As lawmakers look at funding priorities in the upcoming year, Climate Solutions has made a modest ask, suggesting continued support for three effective programs, including:
$100 million to fund a new round of electric vehicle rebates for lower-income families;
$50 million to continue the Home Electrification and Appliance Rebate (HEAR) program an its assistance in replacing furnaces with heat pumps and other energy efficient appliances; and
$50 million for the state’s electric vehicle charging station program, providing wider access to charging stations across the state.
Keeping track of progress: A set of dashboards and interactive maps allow the public to track progress and see where investments are being made, including in Snohomish County. Click on a dot and a table provides a brief description of the project, what was spent, its benefits and for some projects how many metric tons of carbon are expected to be reduced over the course of the project’s life time. For example, a Safe Routes to School grant in Marysville was allocated $5 million to build sidewalks, bike lanes, ADA curb ramps and traffic signals and lighting at Cascade Elementary, with a projected reduction of 1.7 metric tons of carbon.
“It’s unprecedented to have such a dedicated pot of funding to climate dollars, with the uncertainty of the federal government and all that funding going away, and just the ever growing need for addressing climate change,” Karasapan said. “We’re so lucky to have this as a resource in Washington.”
While that funding is dedicated to reducing pollution, adding clean energy and strengthening communities — with a requirement that 35 percent to 40 percent benefit “overburdened” communities (those often with the greatest impacts from climate change and pollution) and another 10 percent for Tribal support — there still are decisions for state legislators to make regarding which projects are funded.
A state Department of Ecology report released this year provides further detail on how the auction revenue is being allocated and spent, divided among three main accounts for reducing carbon emissions, supporting the transition to clean energy and addressing air quality and health disparities.
The report also attempts to put a number for the CCA’s reductions in greenhouse gas (carbon dioxide) emissions, estimated that those investments made in 2024 are expected to reduce emissions equivalent to 335,171 metric tons of carbon dioxide.

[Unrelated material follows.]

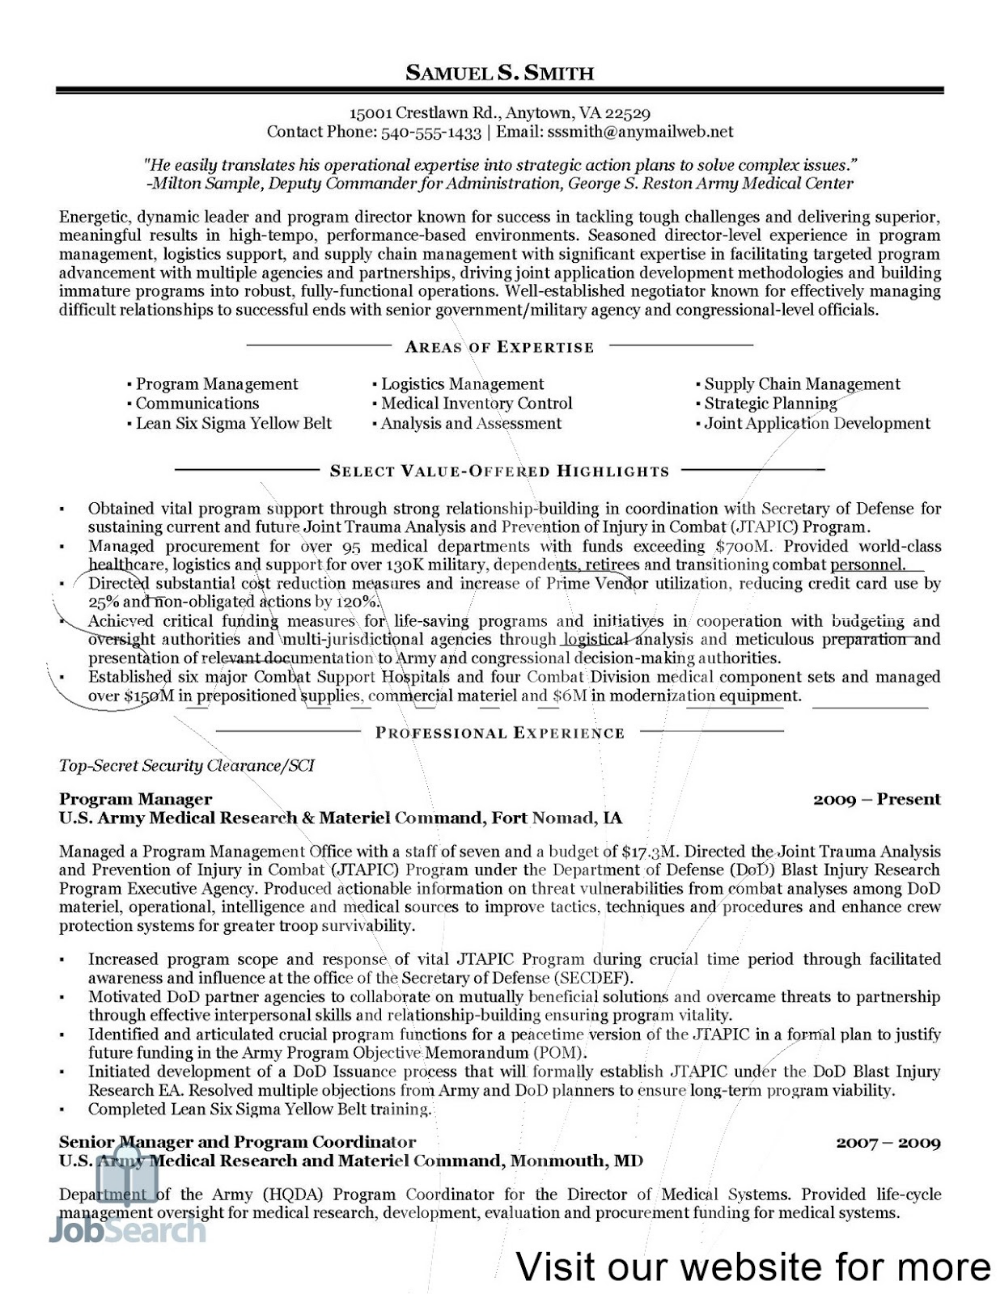 Medical Transcription Sample Resume Format UK in 2020
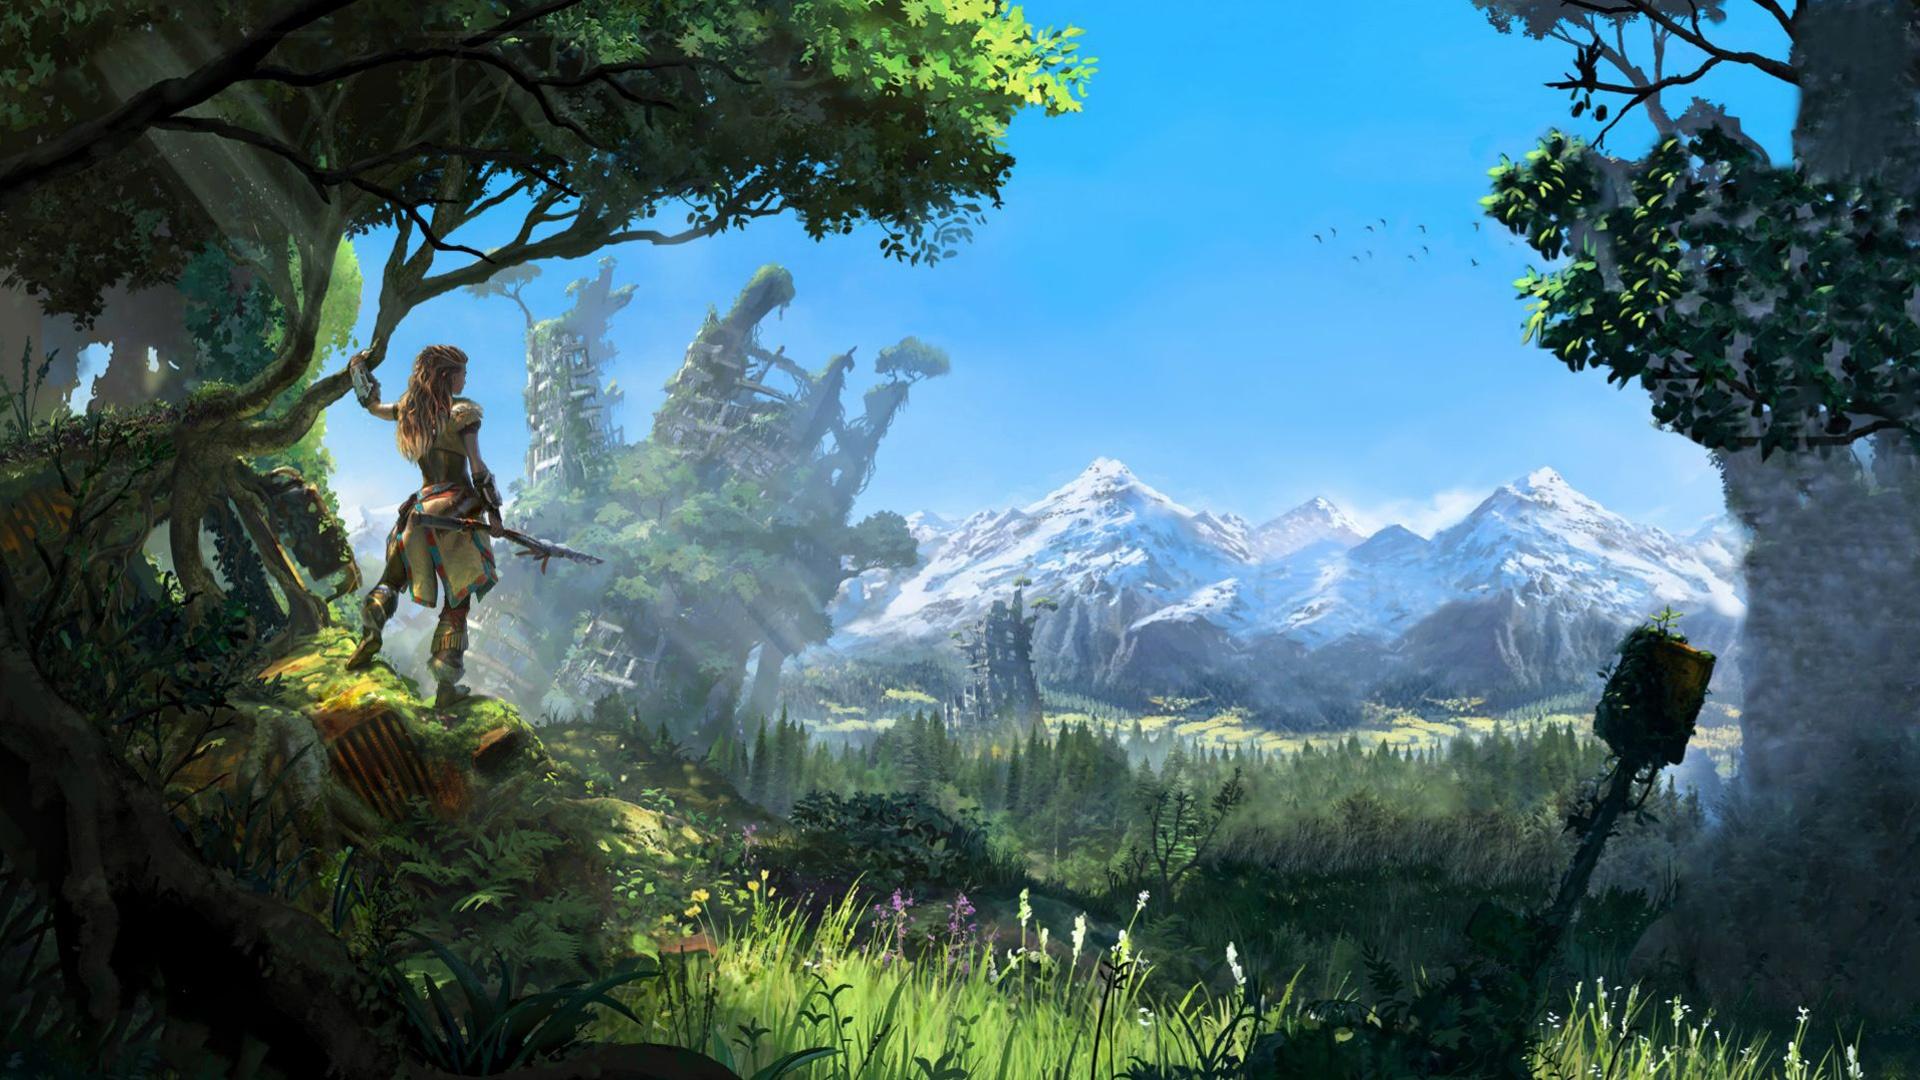 Horizon Zero Dawn 2016 Game Wallpapers In Jpg Format For Free Download

But that amount may have been held down by a legislative requirement that suspended some spending until this year because of the uncertainty over Initiative 2117.
The report also reminds that the declining supply of carbon emissions will be the main driver for reduced greenhouse gas emissions, the programs and investments supported by the cap-and-invest revenue are further reducing pollution and addressing climate inequities.
A climate leader: At a time when the Trump administration has sought out every opportunity to scuttle clean energy initiatives, instead favoring and subsidizing polluting sources of energy — even ordering that a plant in Centralia keep burning coal rather than switch to natural gas in defiance of an agreement with the state that it end the use of coal at the end of this month — Washington state must continue the work of the CCA to provide a disincentive to pollution and generate revenue for projects that promote clean air and other environmental benefits and aid the clean energy transition.
Further assessment and tracking of the projects, their spending and their effectiveness — and sound choices in the programs and investments selected for funding — are important to maintaining the significant support that the voting public delivered a year ago.
“We are really lucky here in Washington,” said Missik. “We are a climate leader, and that is to our own benefit. The Climate Commitment Act is working, and it is leading to these really important community investments across the state.”